### Data segment

-------

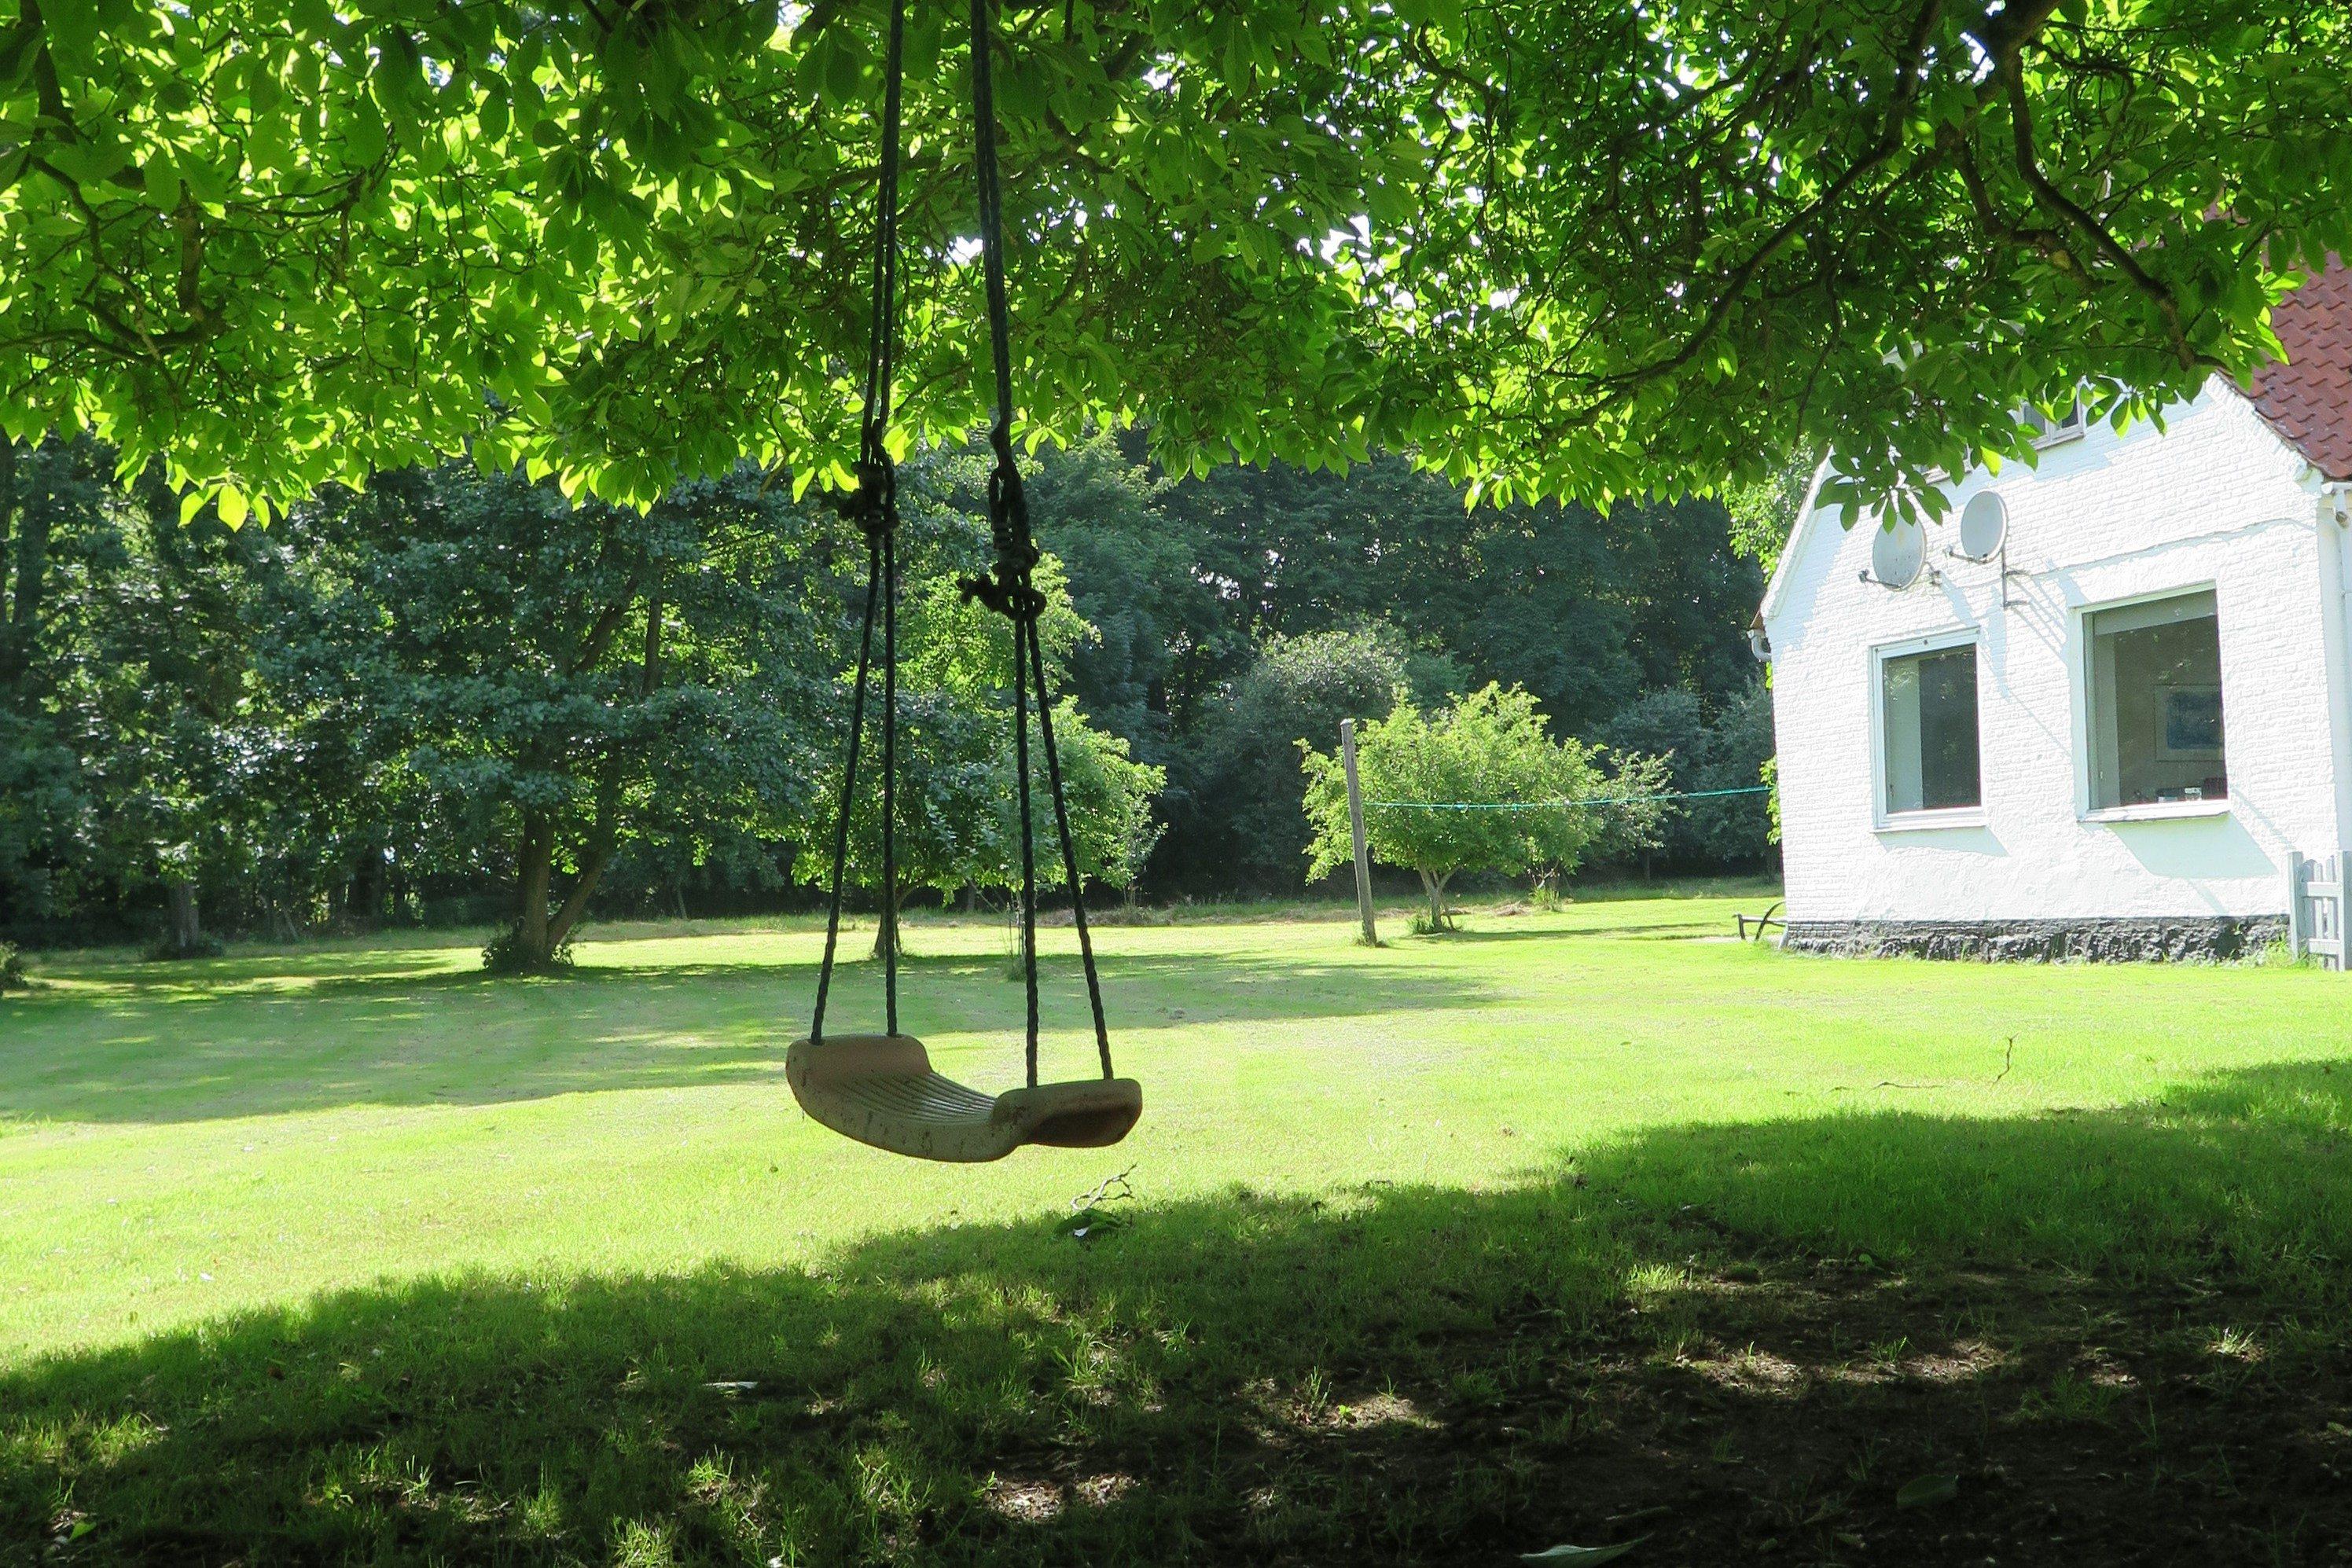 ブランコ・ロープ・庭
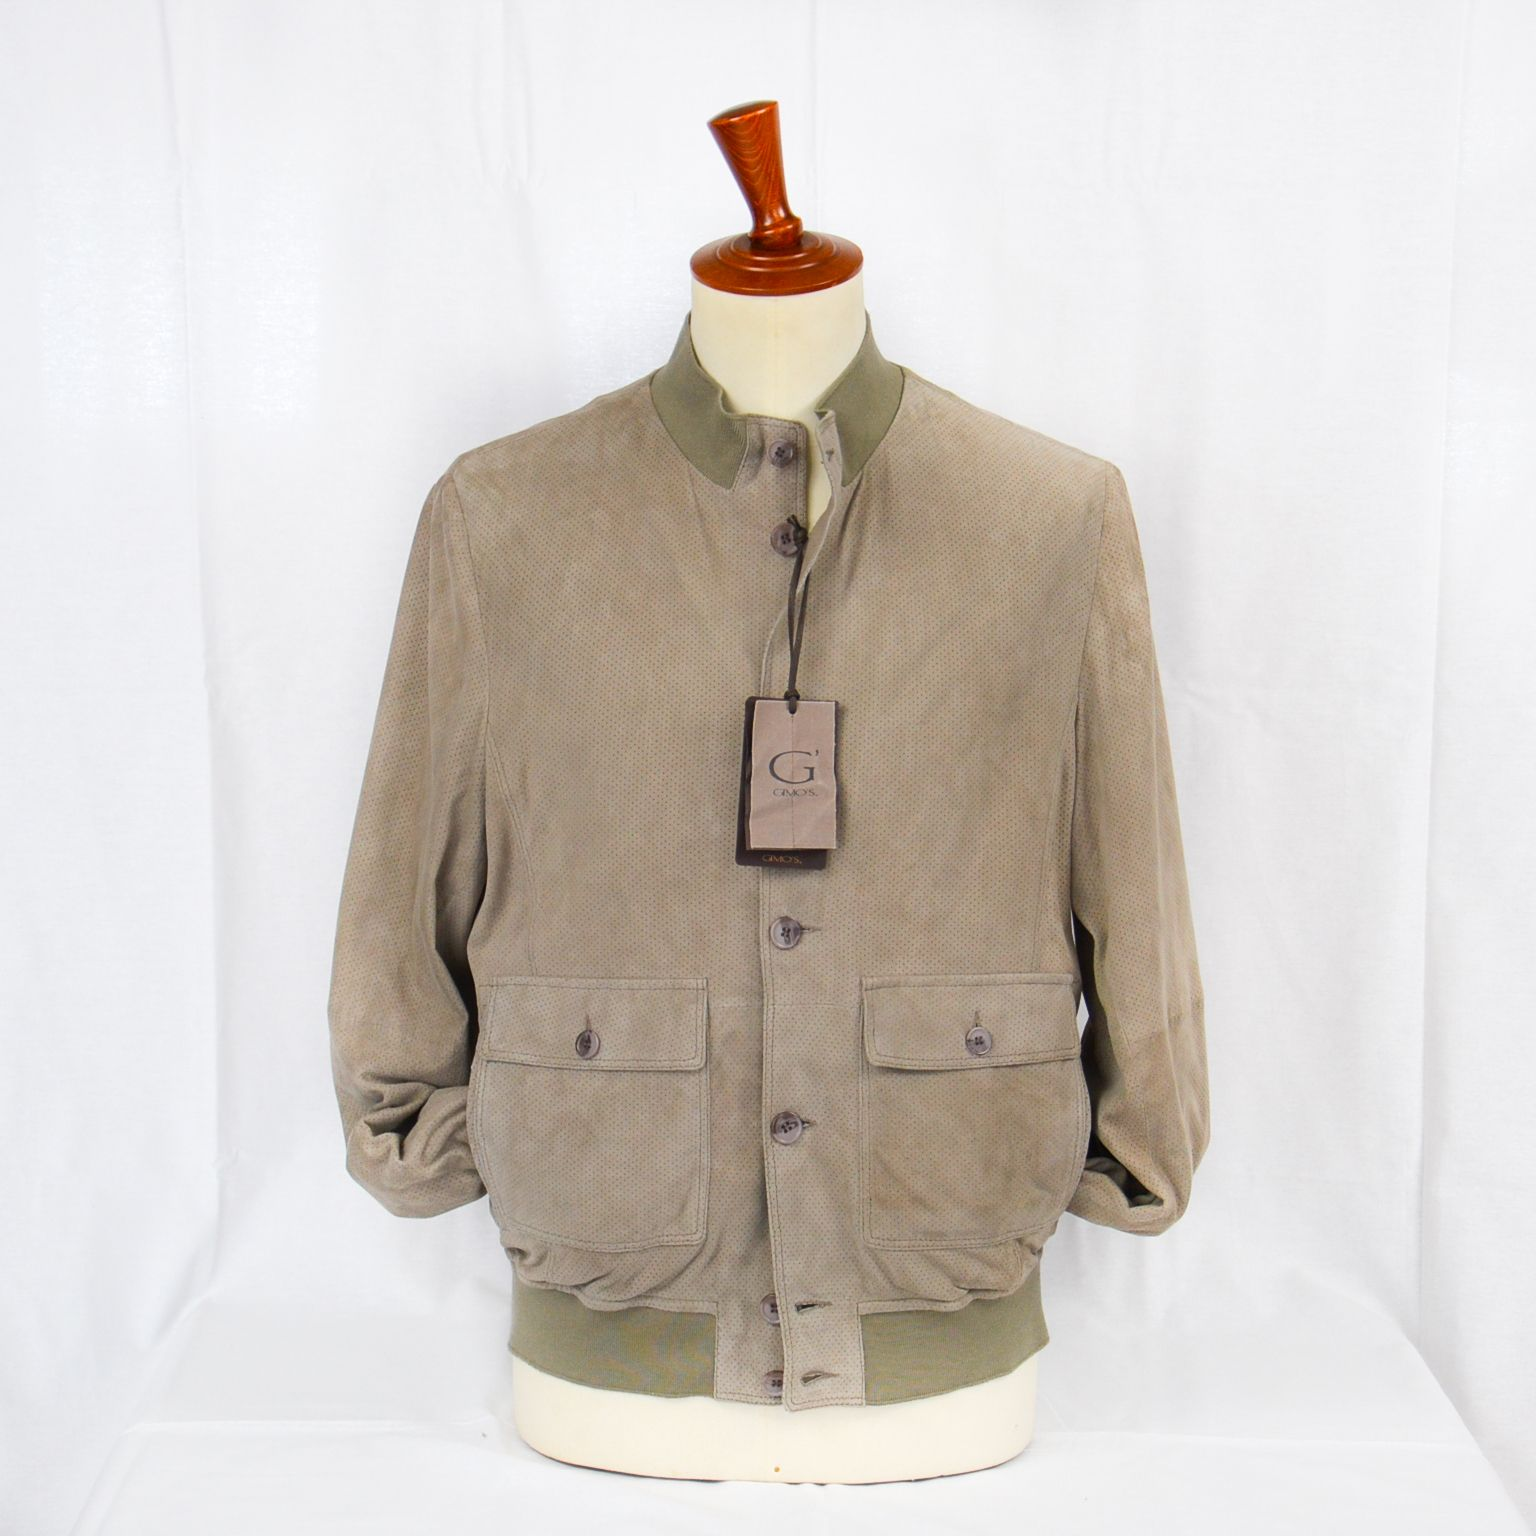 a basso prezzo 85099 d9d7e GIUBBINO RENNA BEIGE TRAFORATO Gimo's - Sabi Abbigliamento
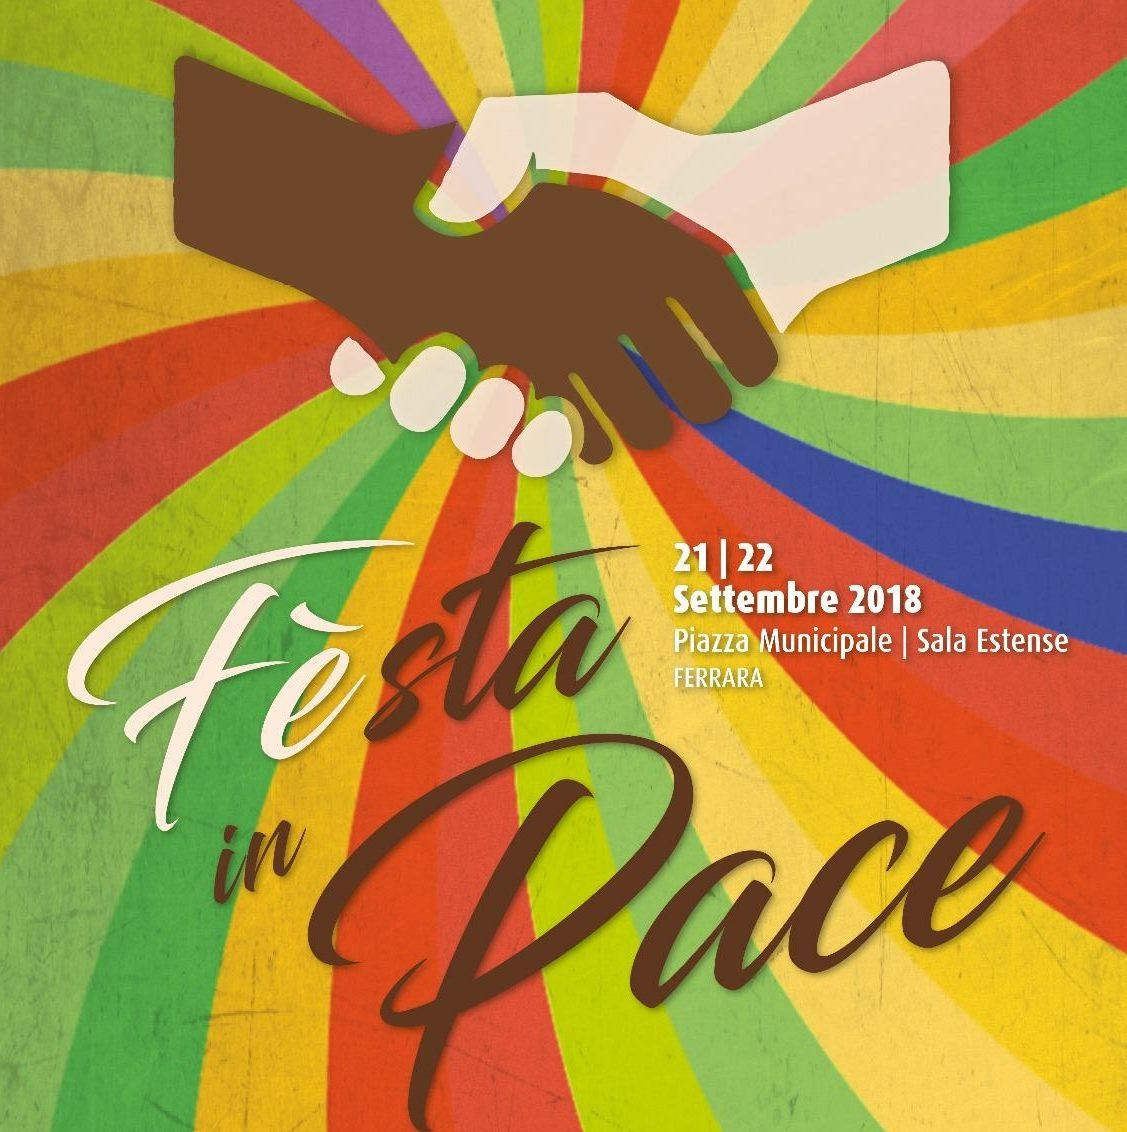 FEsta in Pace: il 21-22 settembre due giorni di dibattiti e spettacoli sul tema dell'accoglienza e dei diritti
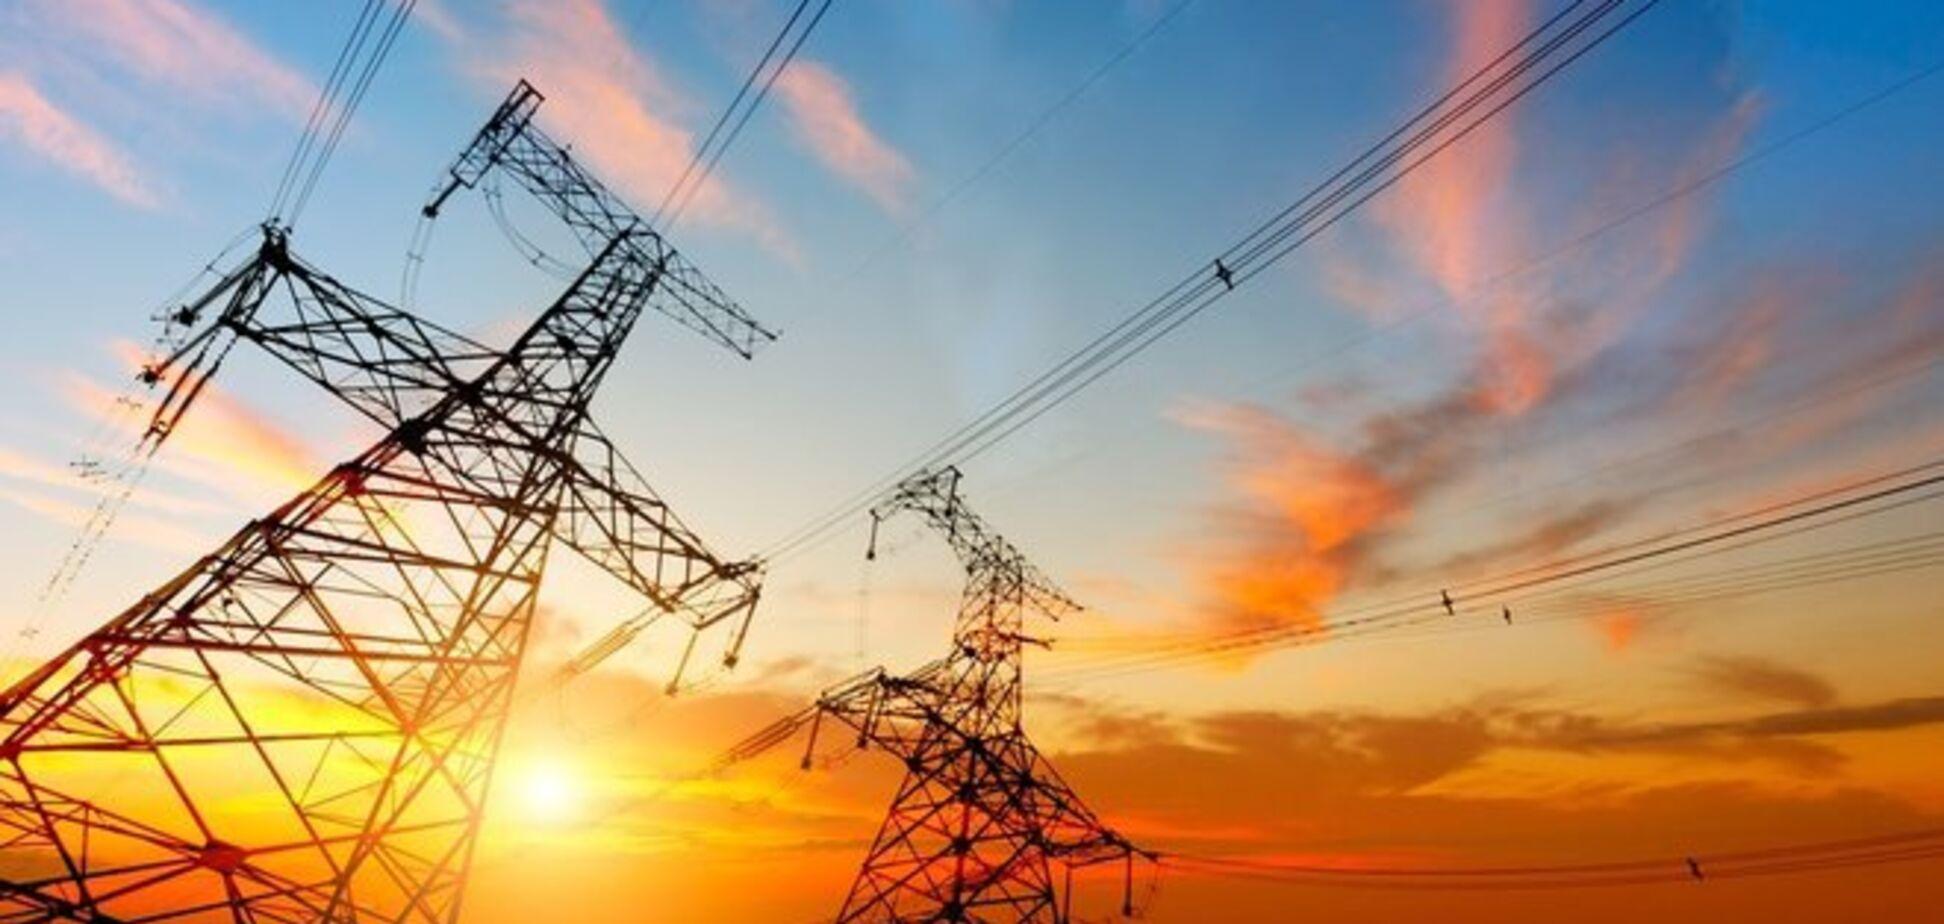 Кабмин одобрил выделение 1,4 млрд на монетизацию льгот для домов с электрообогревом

-------

### What you need to do
Please print the data above in its entirety, exactly, but without any picture.

### Finished task
 ブランコ・ロープ・庭
 a basso prezzo 85099 d9d7e GIUBBINO RENNA BEIGE TRAFORATO Gimo's - Sabi Abbigliamento
 FEsta in Pace: il 21-22 settembre due giorni di dibattiti e spettacoli sul tema dell'accoglienza e dei diritti
 Кабмин одобрил выделение 1,4 млрд на монетизацию льгот для домов с электрообогревом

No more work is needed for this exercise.